WORK TASK>
Using the line with "Einladungskarte Als Ticket" as your starting point, transcribe it and each line beneath it word for word until the records run out, without pictures.

MATERIALS PROVIDED>
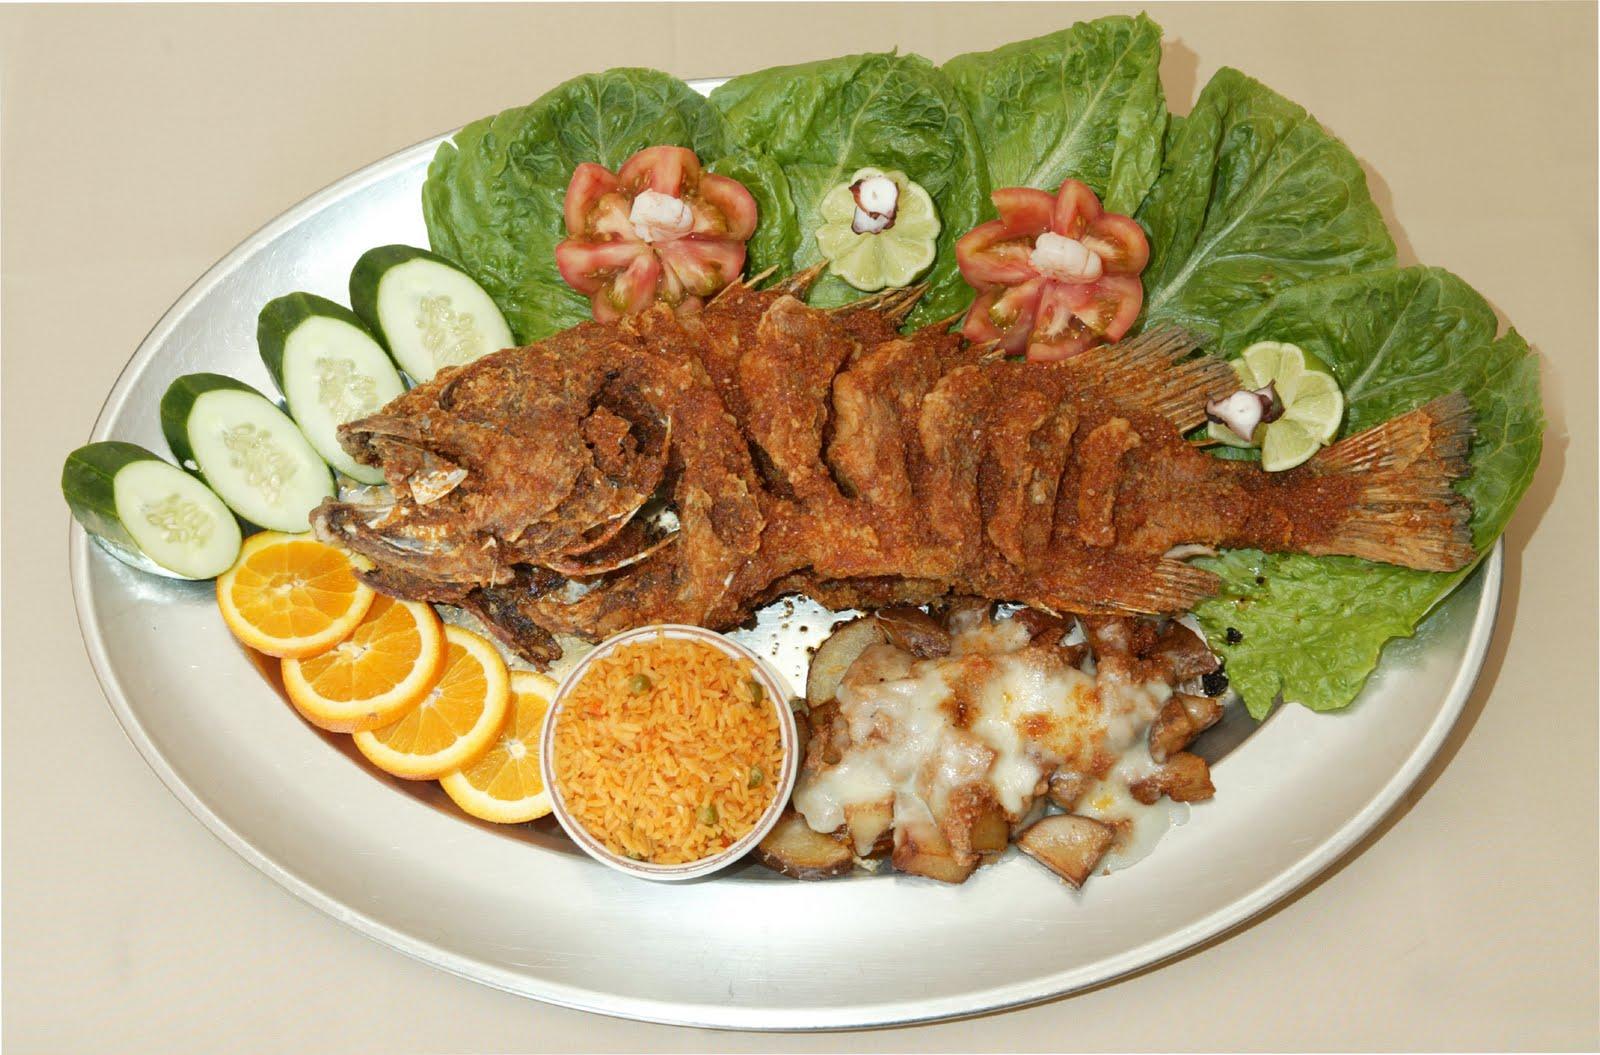 Barranquilla territorio turistico gastronomia de barranquilla for Cliffords fish fry
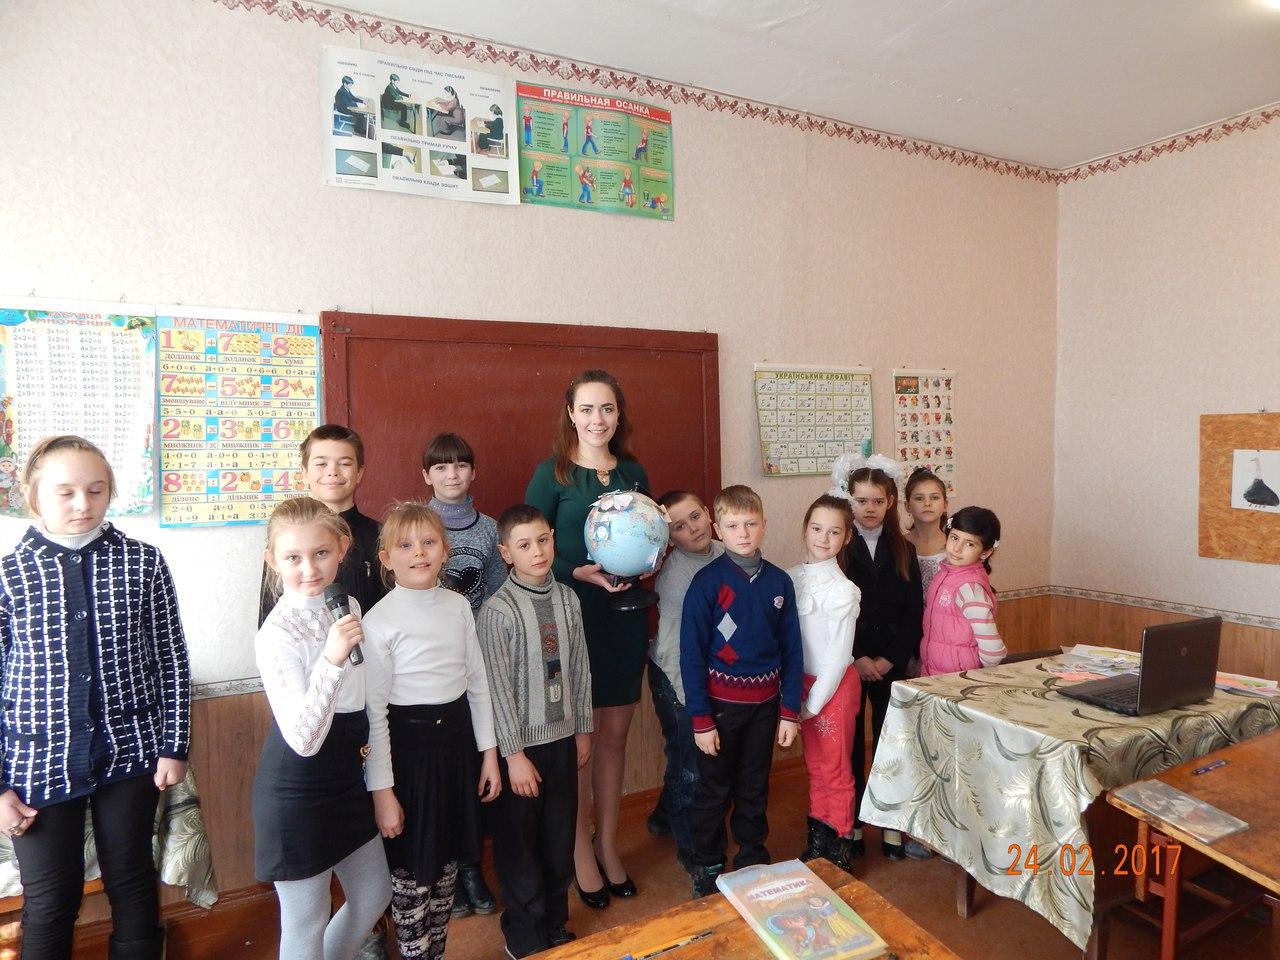 Фото студенток в класе
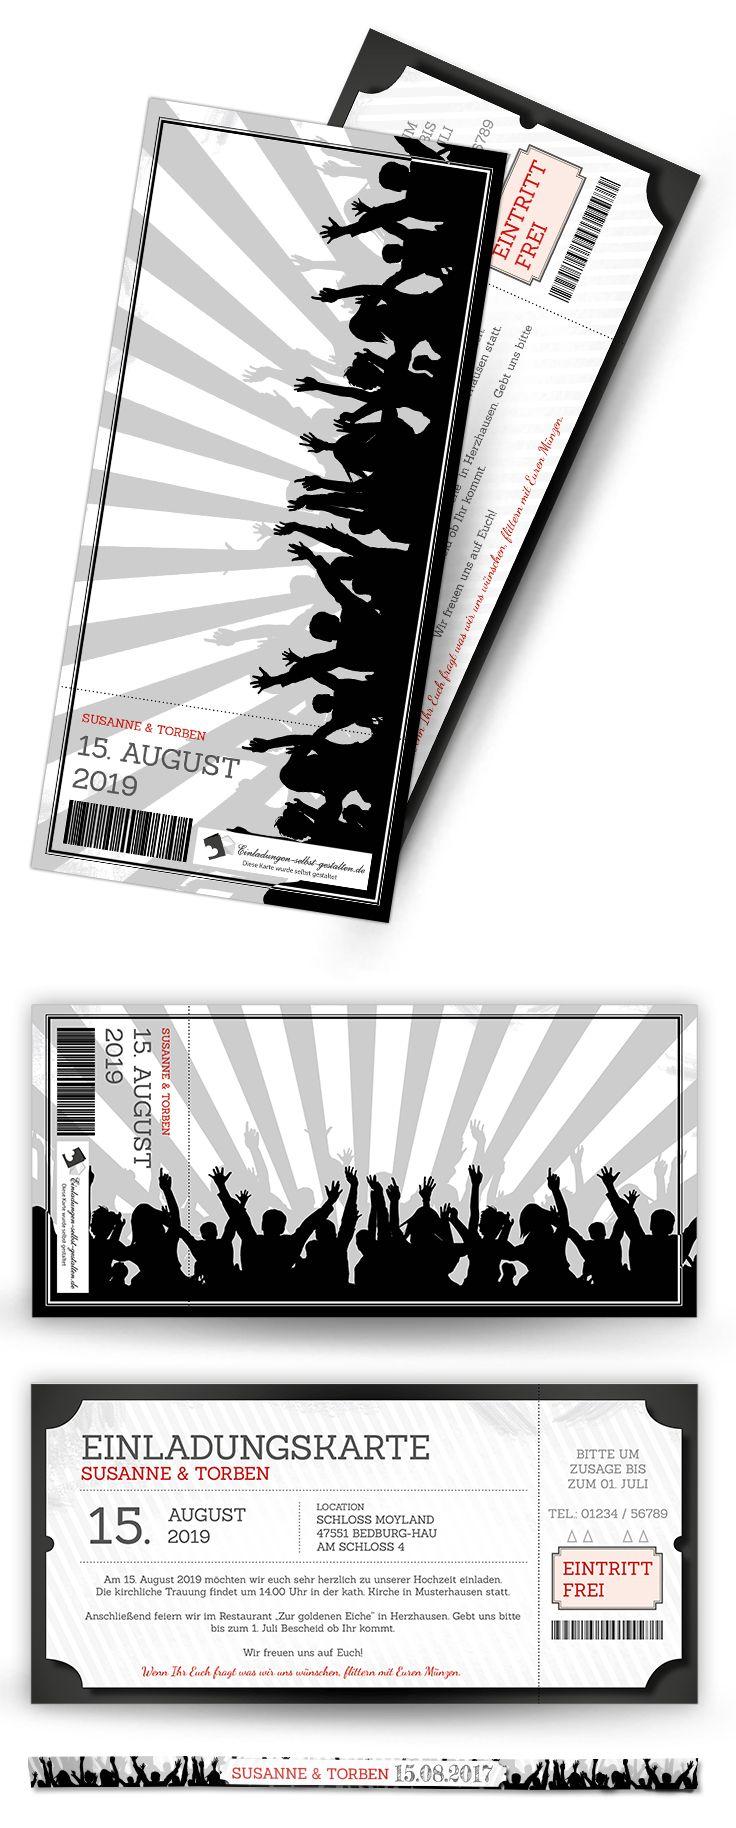 Einladungskarte Als Ticket Mit Passendem Festivalarmband Perfekt Fur Die Mottopartys Festival Einladungen Einladungskarten Ticket Vorlage
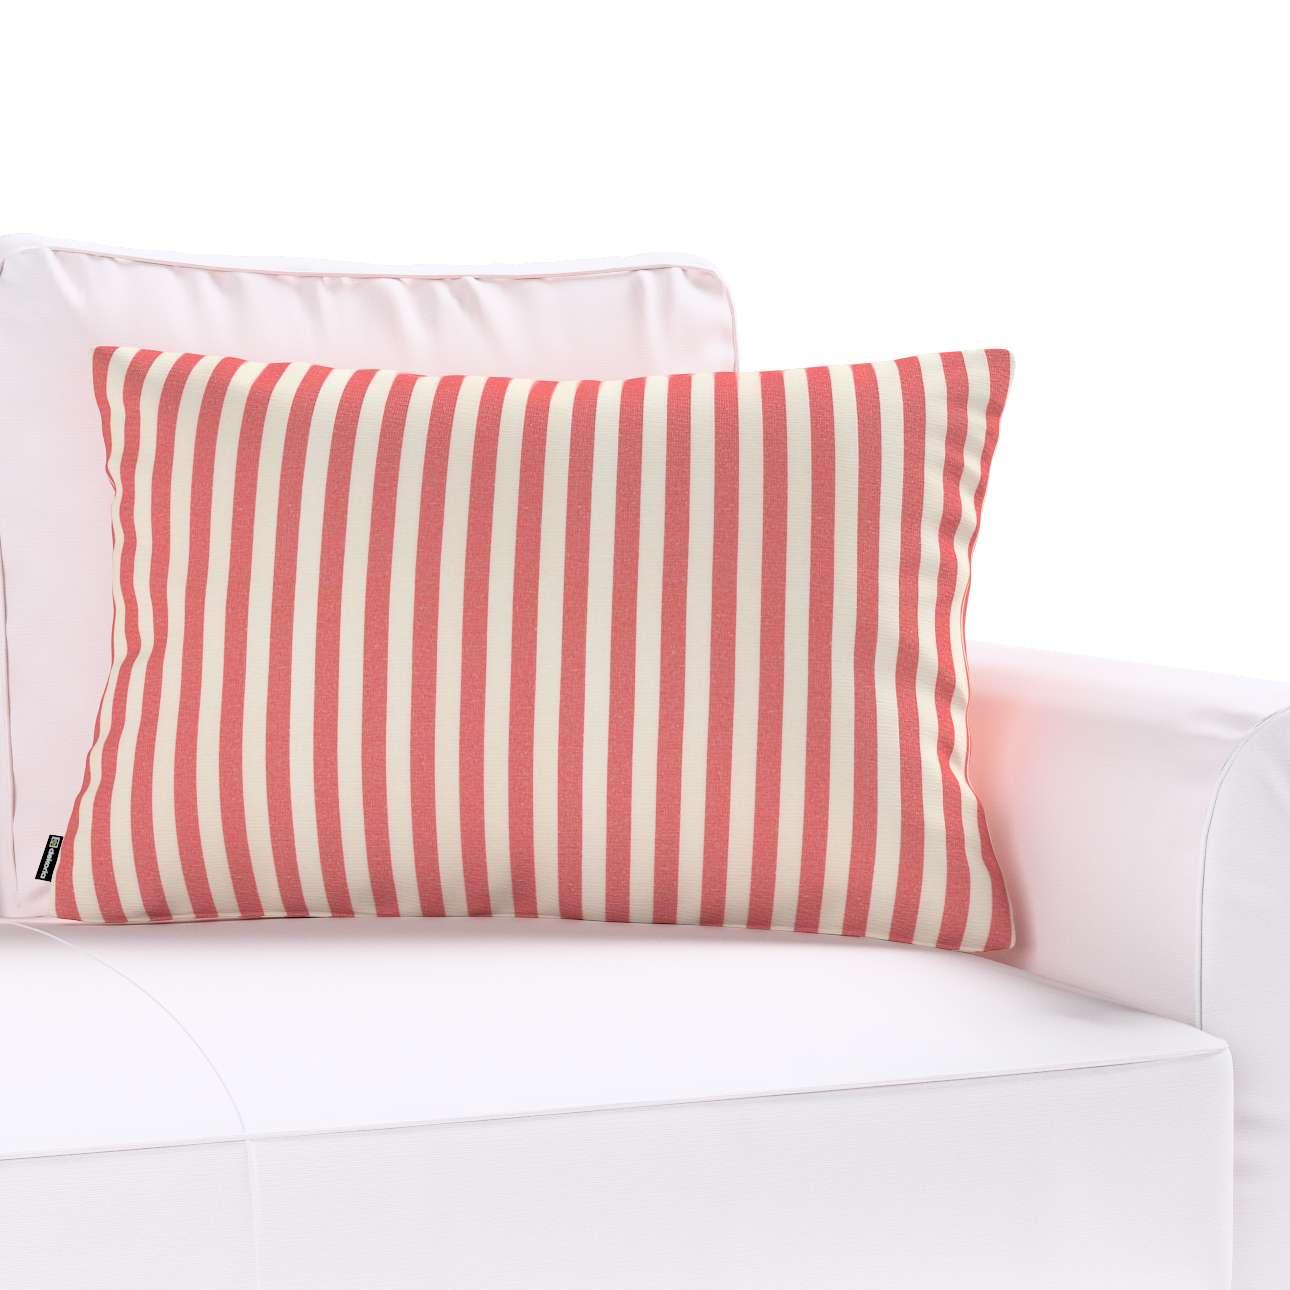 Poszewka Kinga na poduszkę prostokątną 60 x 40 cm w kolekcji Quadro, tkanina: 136-17
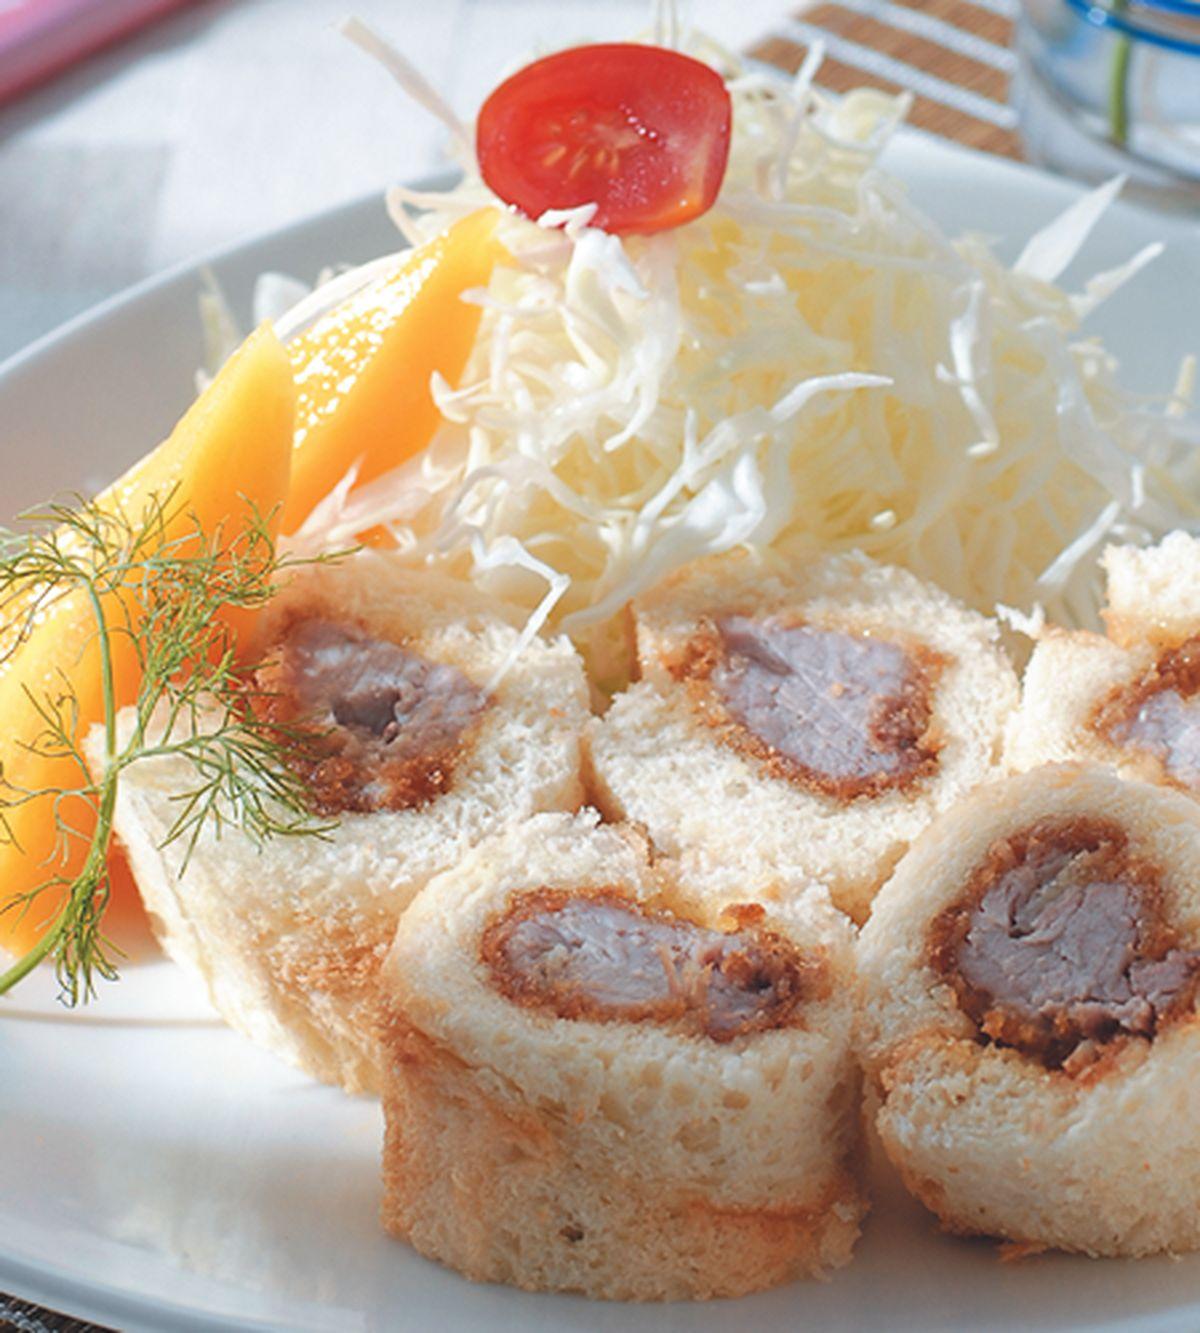 食譜:卡滋里肌土司卷

TASK SOLUTION>
 Einladungskarte Als Ticket Mit Passendem Festivalarmband Perfekt Fur Die Mottopartys Festival Einladungen Einladungskarten Ticket Vorlage
 Poszewka Kinga na poduszkę prostokątną 60 x 40 cm w kolekcji Quadro, tkanina: 136-17
 食譜:卡滋里肌土司卷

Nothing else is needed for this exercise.